Monday, July 4, 2011

American Cheese, or Happy 4th of July!

Today is a day of celebration for Americans worldwide, even here in Bavaria where grilling, making lots of noise, and drinking in public are normal day-to-day events for the locals anyways. It is a magical land, Bavaria, if you have the chance I'd highly suggest visiting.

BUT ENOUGH UNPATRIOTIC BABBLE, BACK TO AMERICA!!!!!
What I'd like to mention today is the crisis facing cheese nomenclature today. This crisis, dear reader, regards what is known (both in the USA and abroad) as "American Cheese". What it is, for it's not actually cheese at all, is a disgrace to the good people of the fine fifty and a mockery of the honest, hardworking artisanal cheesemakers who call America home. I'll mention briefly the evil that is "American cheese" and then offer a handful of outstanding cheesemakers who can be proud to call their cheese Made in the USA.
I, however, was not this creepy as a child
I was raised, as were my parents, on bricks either of cheddar American cheese.

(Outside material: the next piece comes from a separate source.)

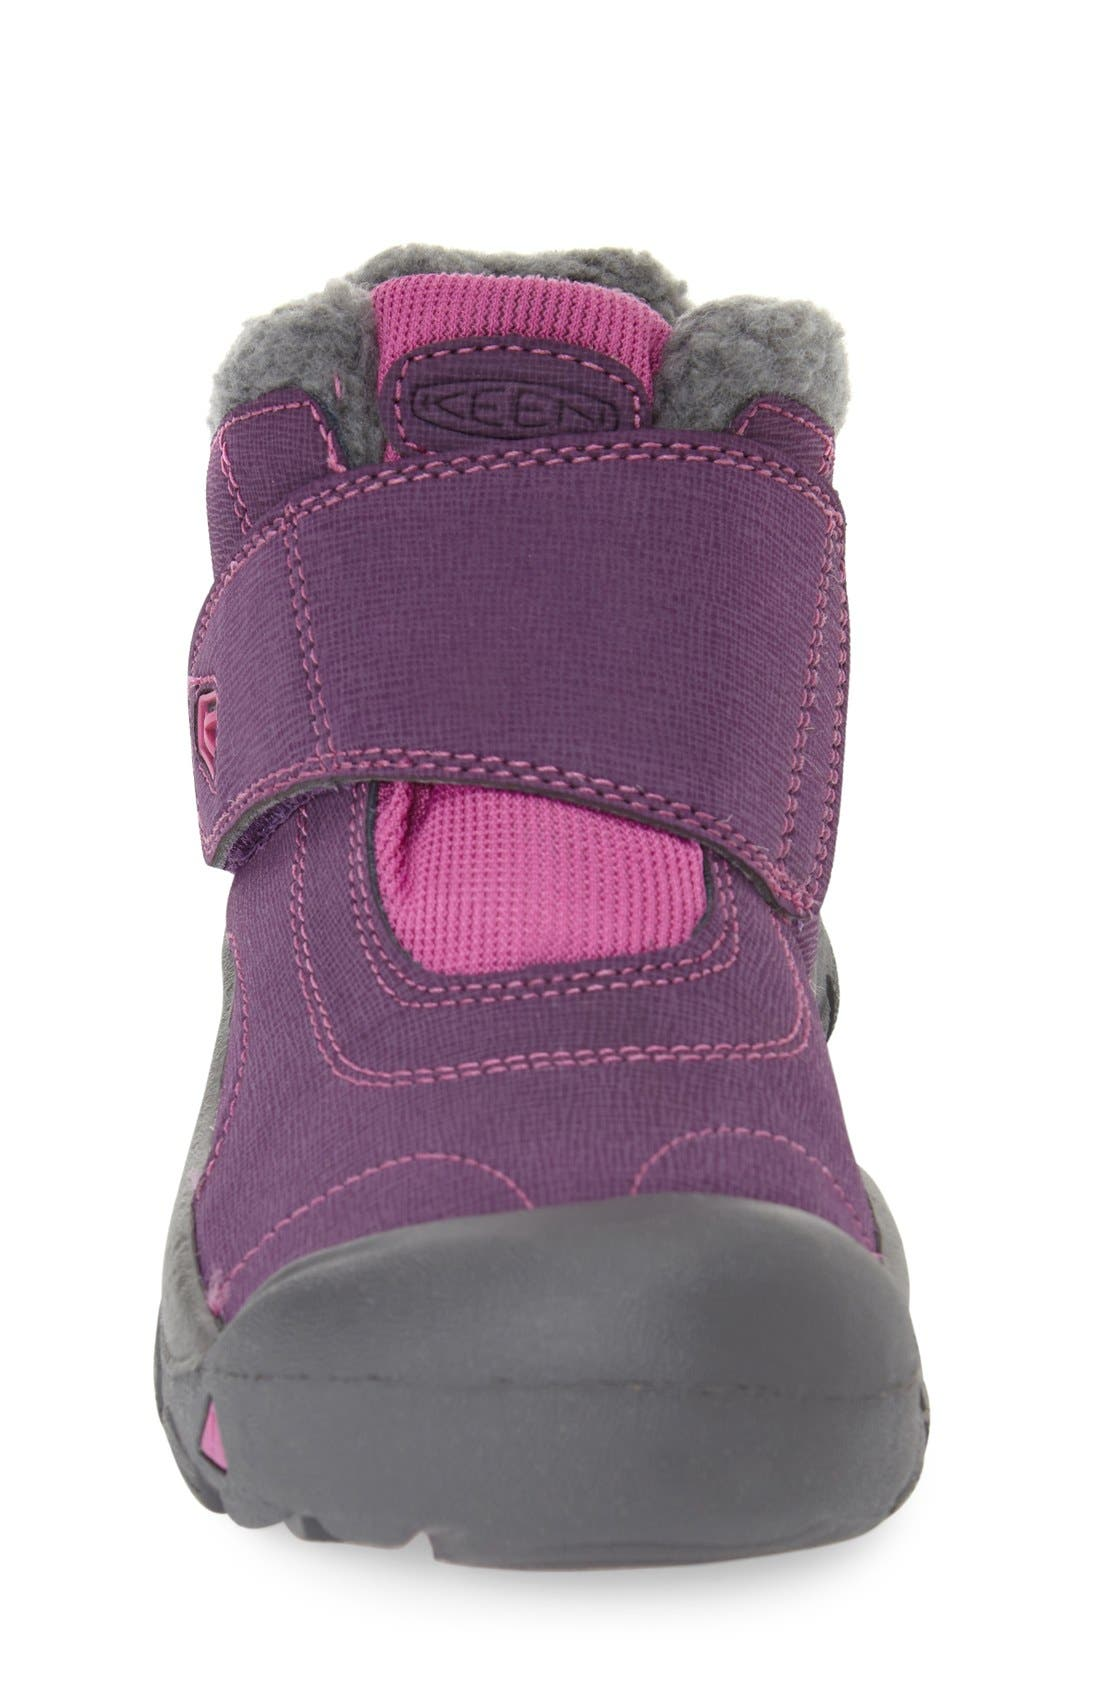 'Kootenay' Waterproof Winter Boot,                             Alternate thumbnail 3, color,                             Wineberry/ Dahlia Mauve
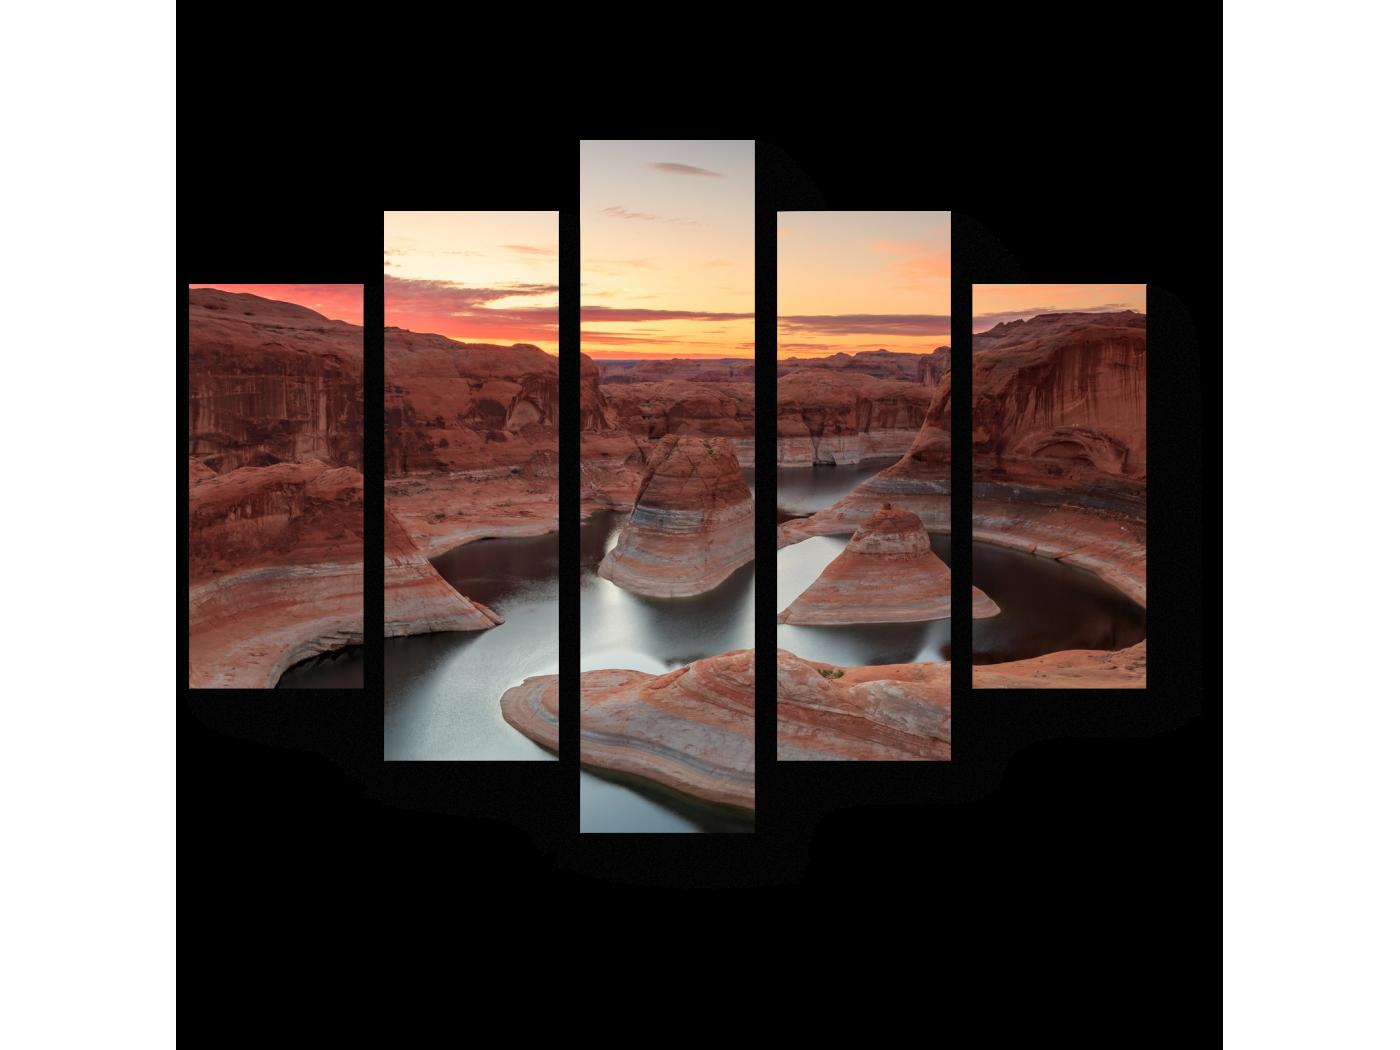 Модульная картина Озеро Пауэлл в Аризоне (75x60) фото

I never really read too deep into the latter's name, remember I was just as happy to eat it out of an aerosol can on Saltine crackers, but by the time I had grown up some and they had begun selling the near-glowing cheese in single-serving vacuum packed slices I suddenly wondered what it is I was eating, and why it didn't taste like.... cheese.
You see, dear reader, back when the US first started producing and exporting cheese, yes even back to Europe, the Europeans found it to be so foul they universally called it American cheese. It was, however, so cheap that it sold like Senator's seats in Illinois (Heyyo!) and so the idea became ingrained in Europe that all American cheese is rubbish. As if things weren't bad enough the advent of processed cheese came about and suddenly consumers across the world had good reason to fear anything labeled "American cheese". It's not cheese.
American cheese, which in many states in the US now must be relabeled as "cheese product" or "cheese analogue", is a processed food product that may or may not have at one time contained any actual cheese. Originally, to make processed American cheese, other cheeses such as Colby or Cheddar were mixed with food dyes, vegetable-based gums, emulsifiers, salt, whey, and other stabilizers. These days the original cheese may be substituted with cheese ingredients such as milkfat, whey, and so forth. The first patent for processed cheese in the US, for the invention of this monstrosity belongs to the Swiss, was given to a one James Kraft. The rest is history, and for many of us was a recognizable name in our childhood before the standing US president.
Processed cheese, such as Kraft, is a perversion of the potential deliciousness of the true cheese it masquerades as. Do not be led astray; there is true and infinitely more worthy cheese being made in America, and to prove it here is a handful of trustworthy dairies that you can likely find in stores nationwide. 

Cowgirl Creamery
Founded in 1997 by two cowgirls from California, Peggy Smith and Sue Conley, Cowgirl Creamery has a range of top-tier cheeses being made in the San Fransisco area. Their attention to the quality of their ingredients and the care given to each cheese makes for a reliably delicious experience, and the lines at their locations in Washington DC and San Fransisco are a testament to their loyal following.  Look for their iconic logo and know that underneath that wrapper is a real American Gem. 

Vella Cheese Co
Started by Tom Vella, the patriarch of California quality cheese, in 1931, Vella Cheese has an impeccable tradition of quality ingredients and both commercial and artisanal success. The man himself worked in a dairy for years until the opportunity to run his own came about, and since then the Vella name has become synonymous with hard work and high quality in the American cheese scene. Today his children run the operation and continue to stay true to their father's work ethic and dedication to the art.

Rogue Creamery
Also started by Tom Vella, a busy man, Rogue Creamery began in the 1930s partly as a way to make a quality product and partly as a way to keep the struggling dairy farmers of the Rogue River Valley afloat. Although times since have not always been easy it is safe to say that both goals are still being achieved today. The company was sold to a trusted friend of the Vella family but has continued to wow both at cheese competitions and in the accountant's books. Their Blue cheeses, and yes there are a variety, are in my mind the standard of excellence in American Blues.

Beehive Cheese Co
A relative newcomer to the game, Beehive Cheese Co was started in 2005 by brothers-in-law Tim Welsh and Pat Ford. These two left their normal 9-5s in the city and set forth on a grand adventure to conquer a quieter, if perhaps not as relaxing, work environment: The artisanal dairy. With the help of the good folks at the Western Dairy Center at Utah State University these two opened shop at the mouth of Weber Canyon in the Wasatch Mts and have already made a name for themselves with their inventive recipes and aggressive expansion into new styles of cheese.  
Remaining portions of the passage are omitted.